## DATASET EXCERPT
☆ ☆ ☆ ☆ ☆ ☆ ☆

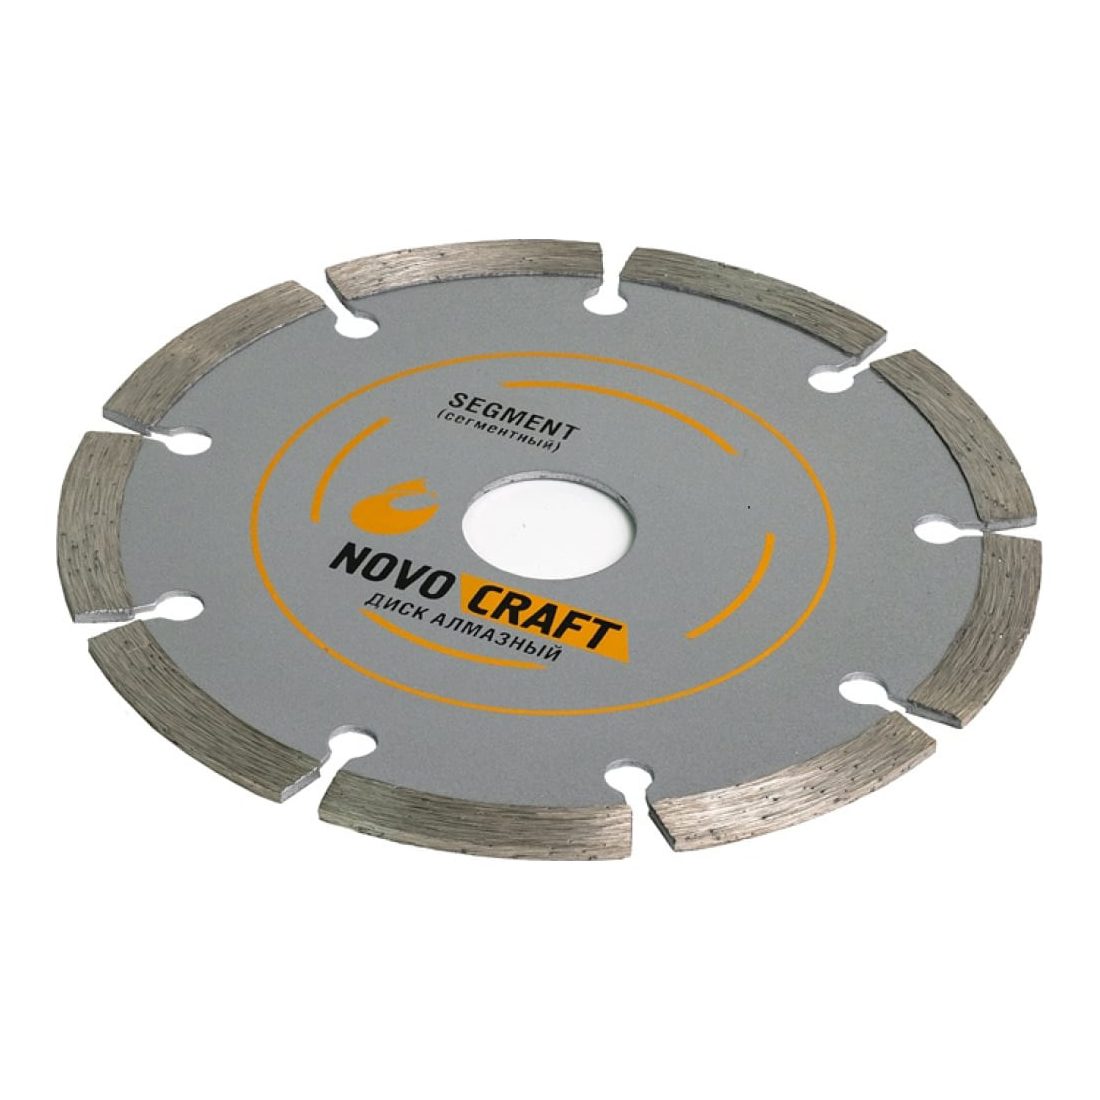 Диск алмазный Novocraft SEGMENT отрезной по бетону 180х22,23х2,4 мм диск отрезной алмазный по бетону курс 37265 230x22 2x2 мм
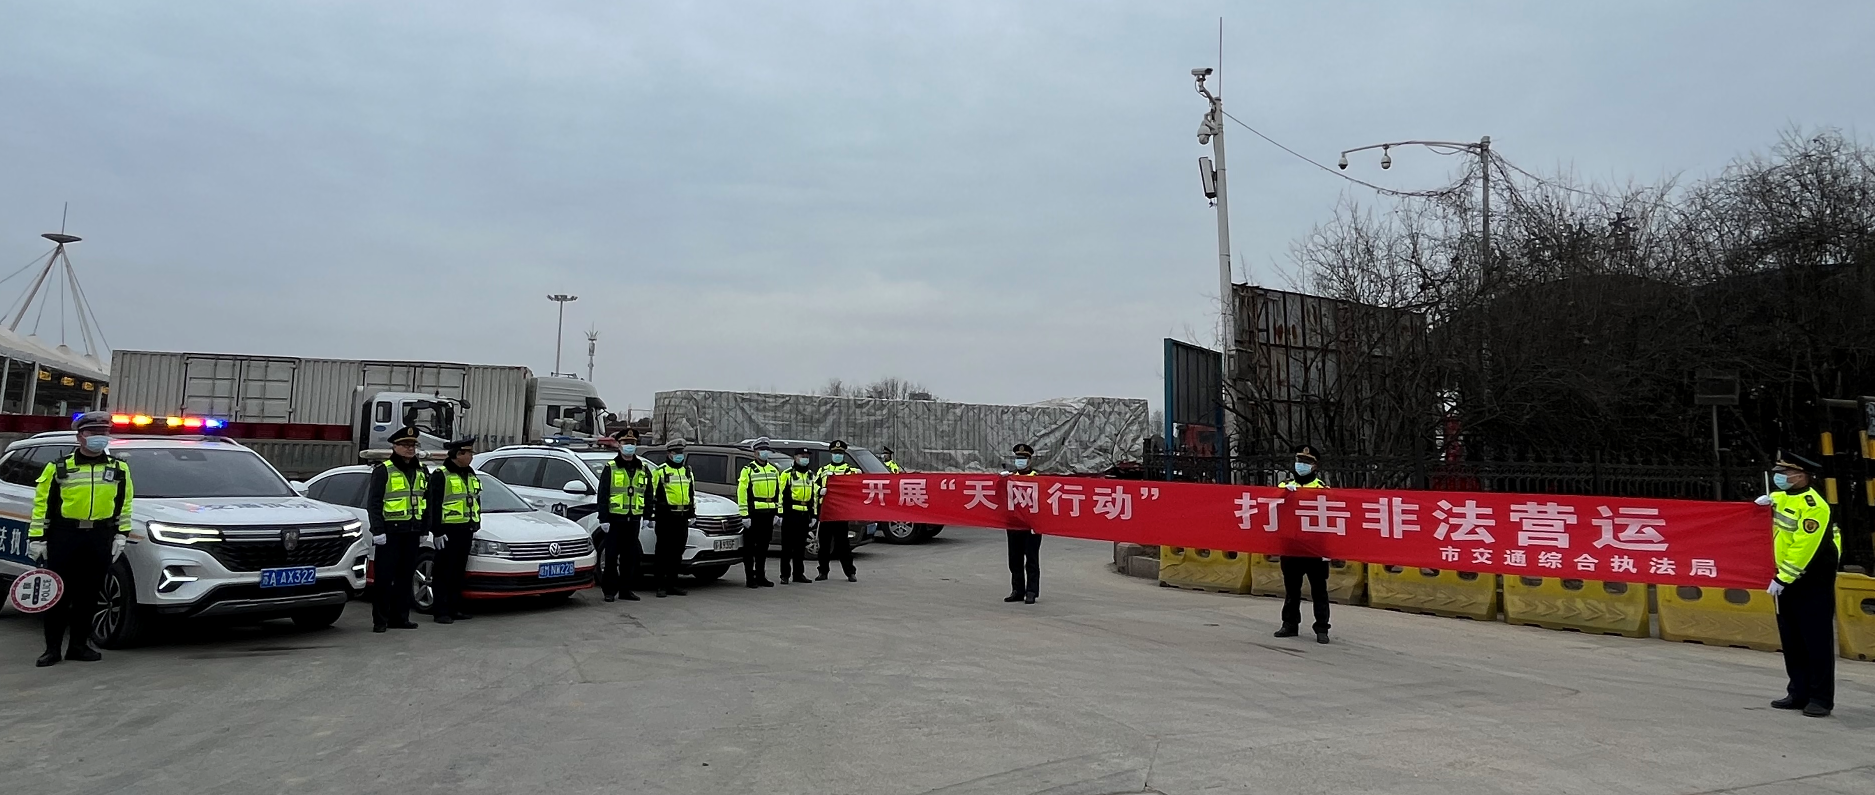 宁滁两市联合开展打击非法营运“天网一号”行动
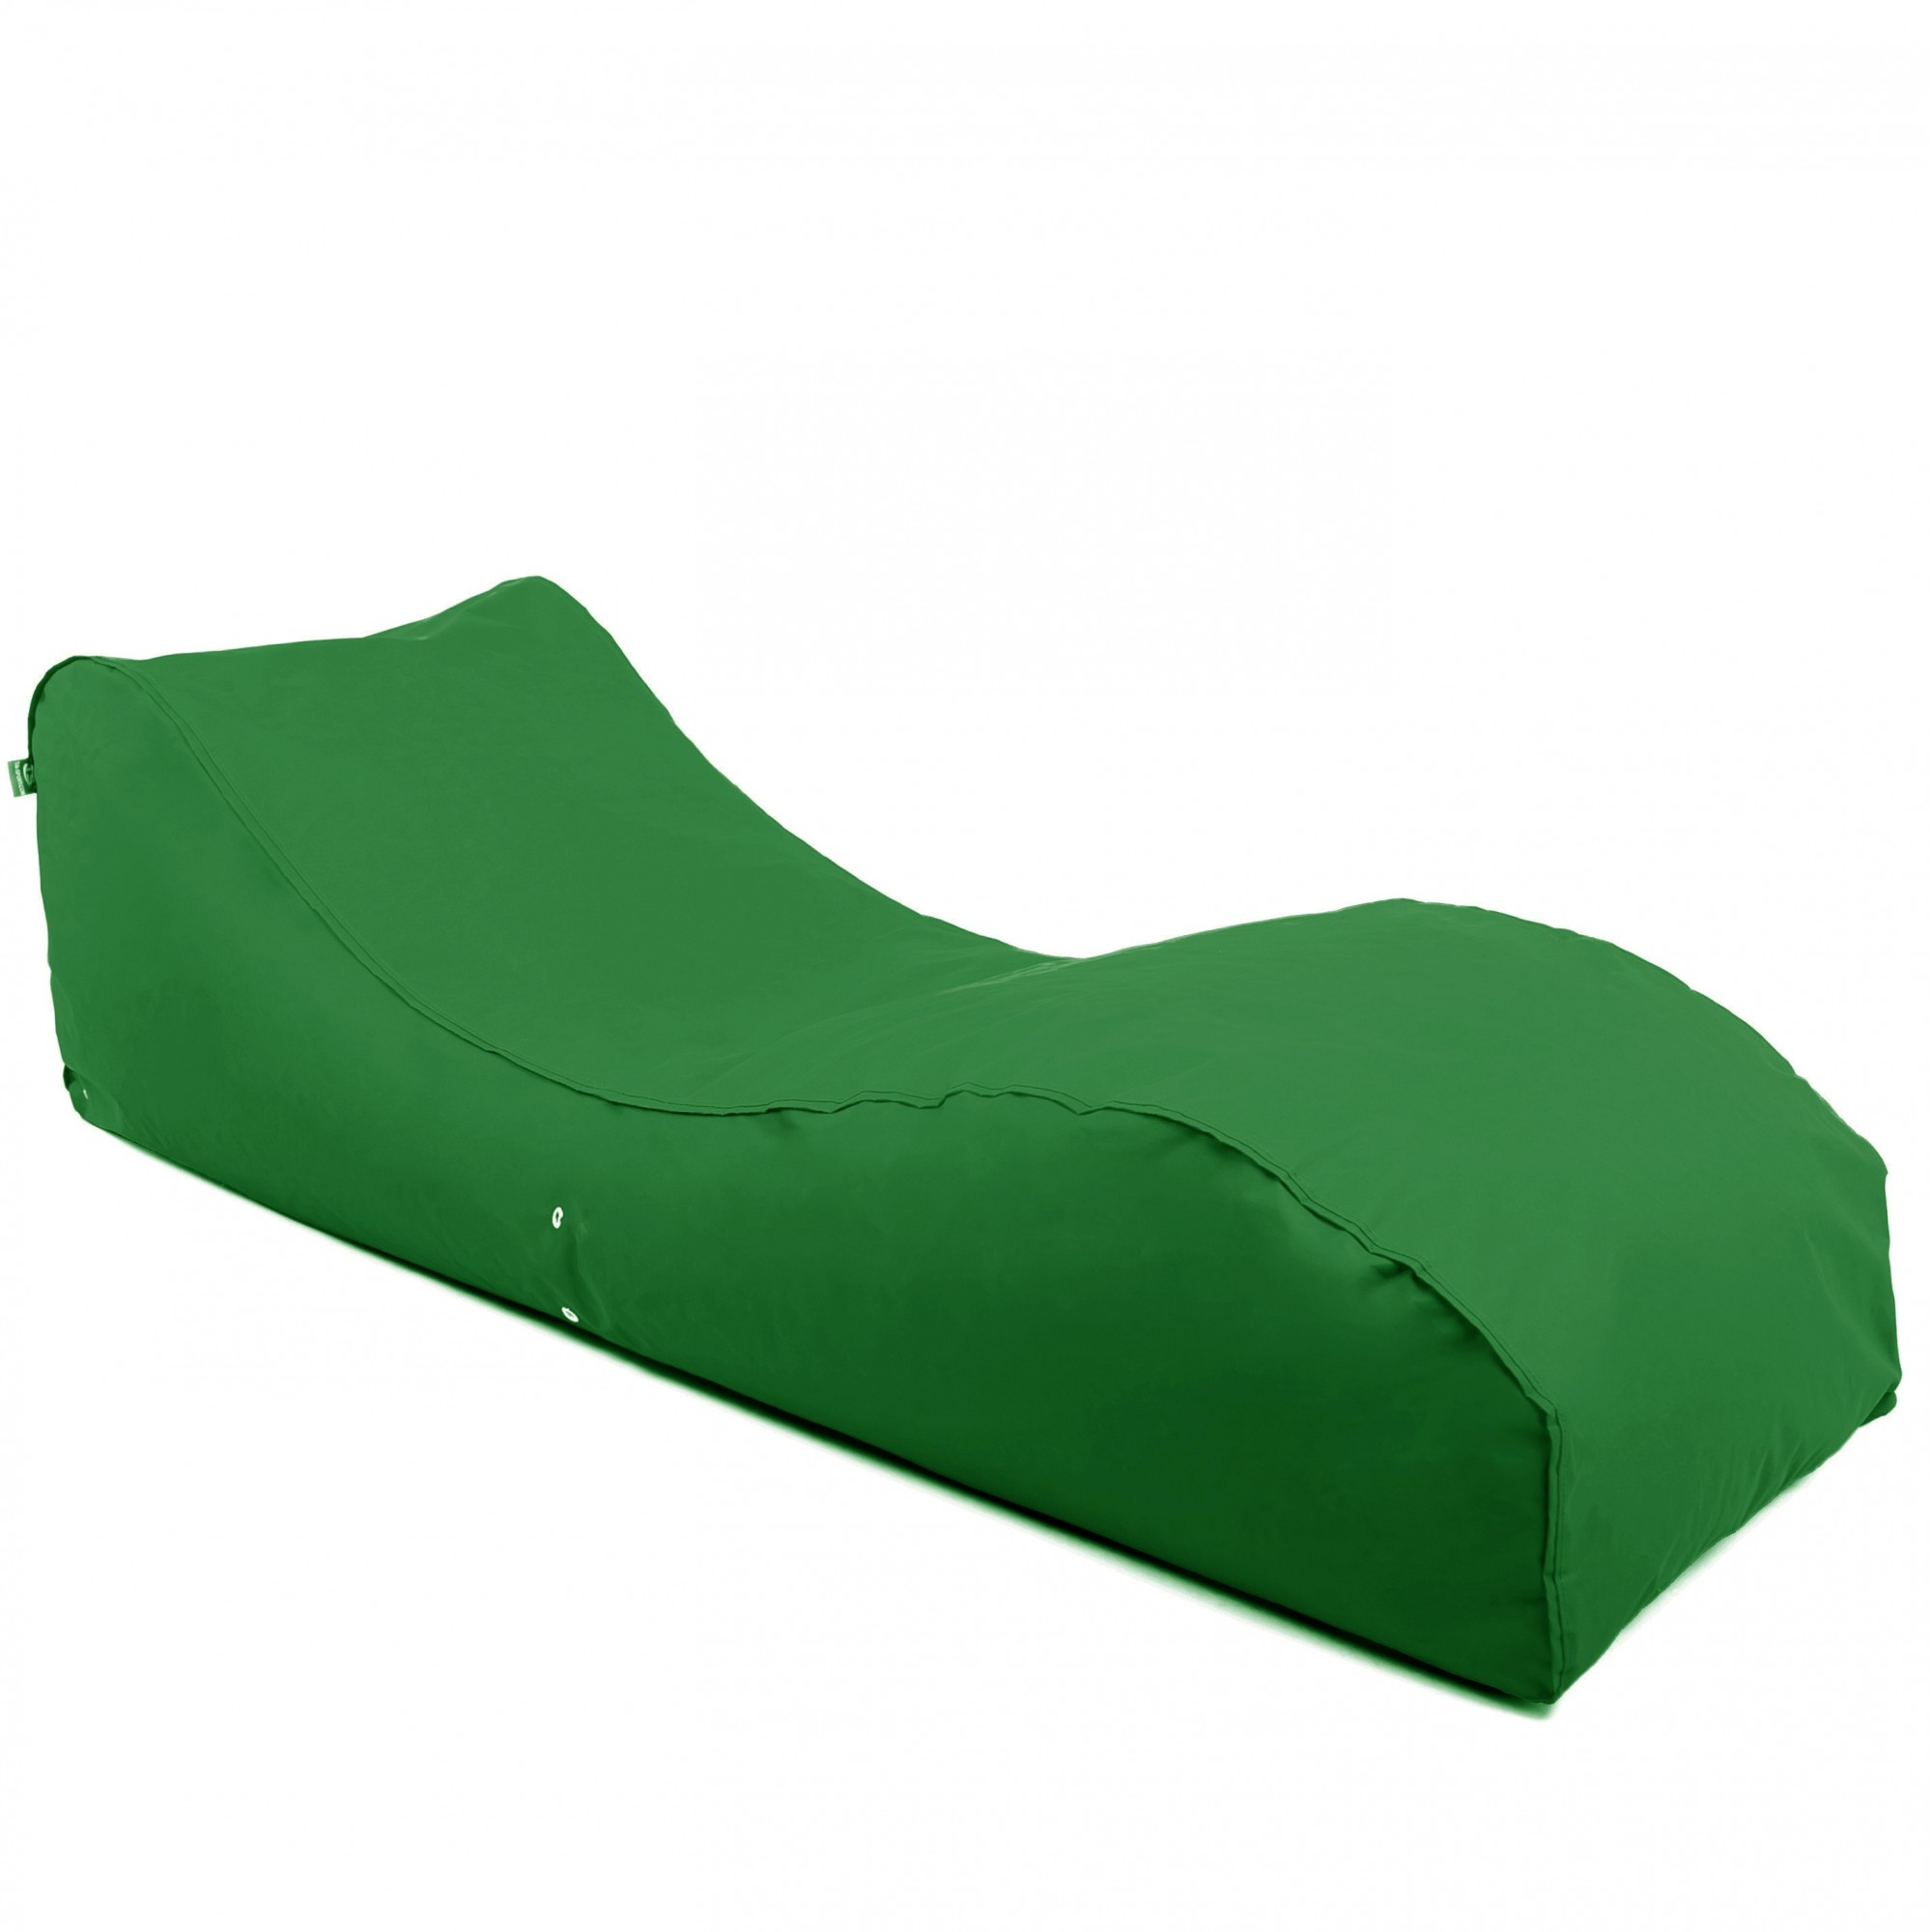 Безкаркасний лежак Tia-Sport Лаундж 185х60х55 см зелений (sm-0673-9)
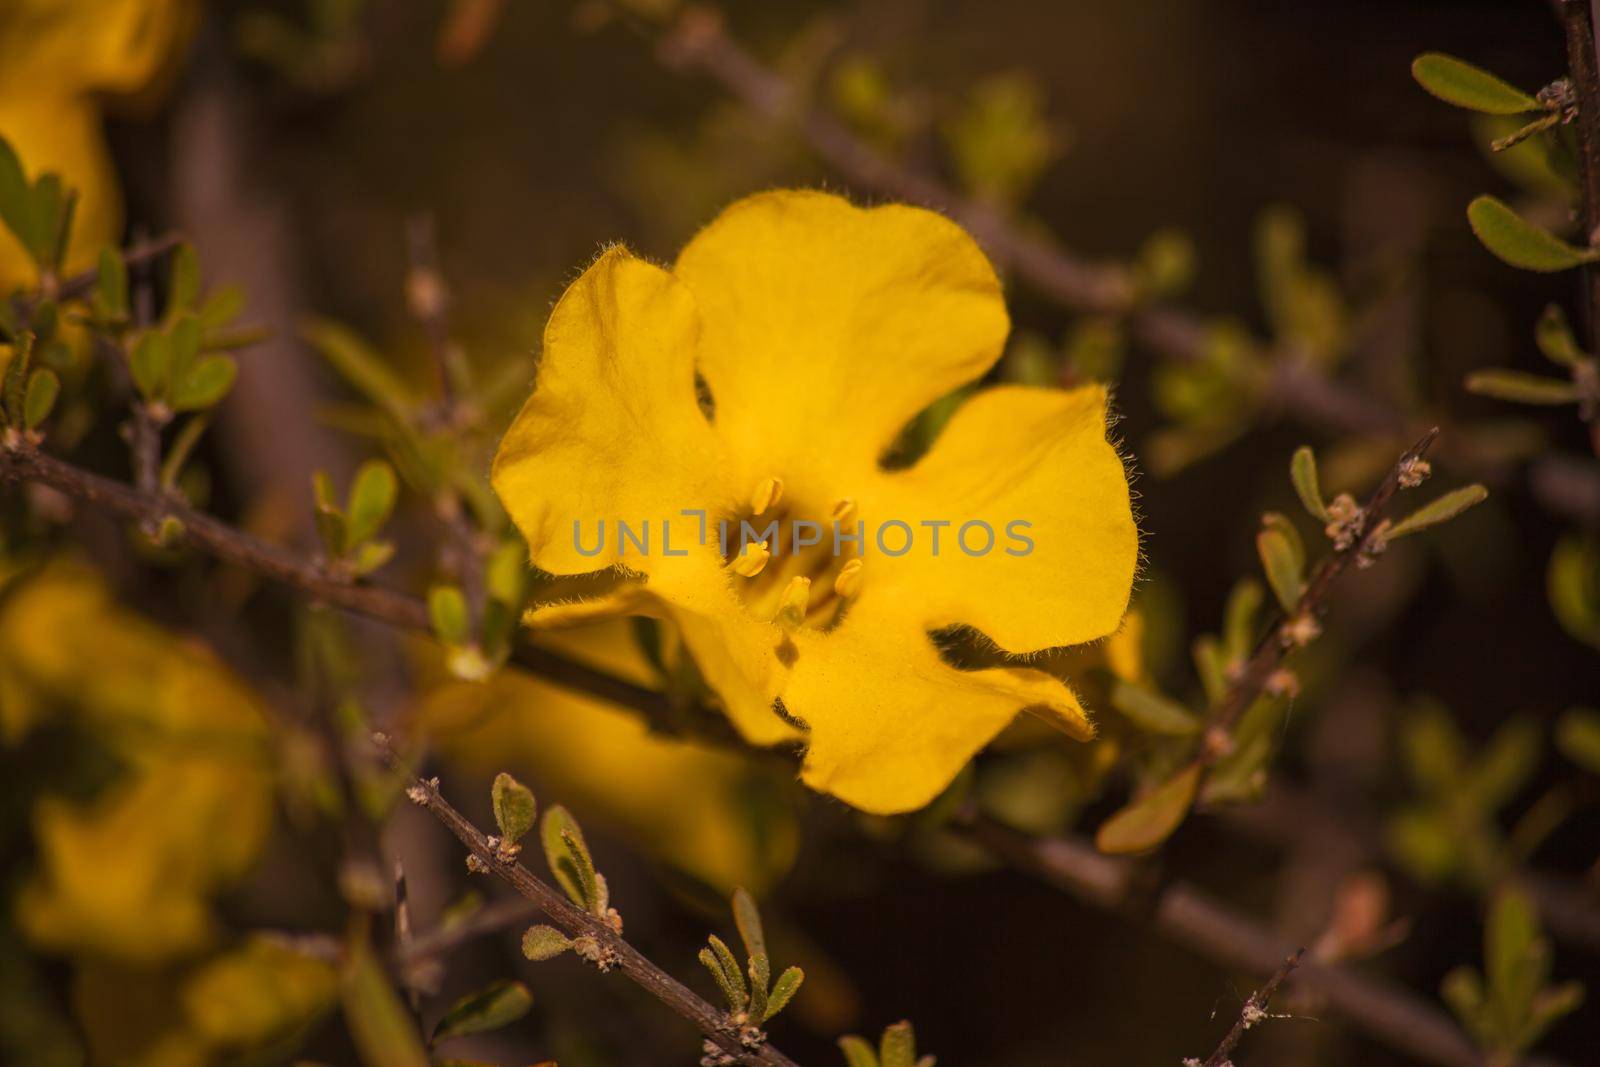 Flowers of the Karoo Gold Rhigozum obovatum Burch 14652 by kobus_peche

☆ ☆ ☆ ☆ ☆ ☆ ☆

Quote the data above in full, leaving out the pictures it holds.

 Диск алмазный Novocraft SEGMENT отрезной по бетону 180х22,23х2,4 мм диск отрезной алмазный по бетону курс 37265 230x22 2x2 мм
 宁滁两市联合开展打击非法营运“天网一号”行动
 Безкаркасний лежак Tia-Sport Лаундж 185х60х55 см зелений (sm-0673-9)
 Flowers of the Karoo Gold Rhigozum obovatum Burch 14652 by kobus_peche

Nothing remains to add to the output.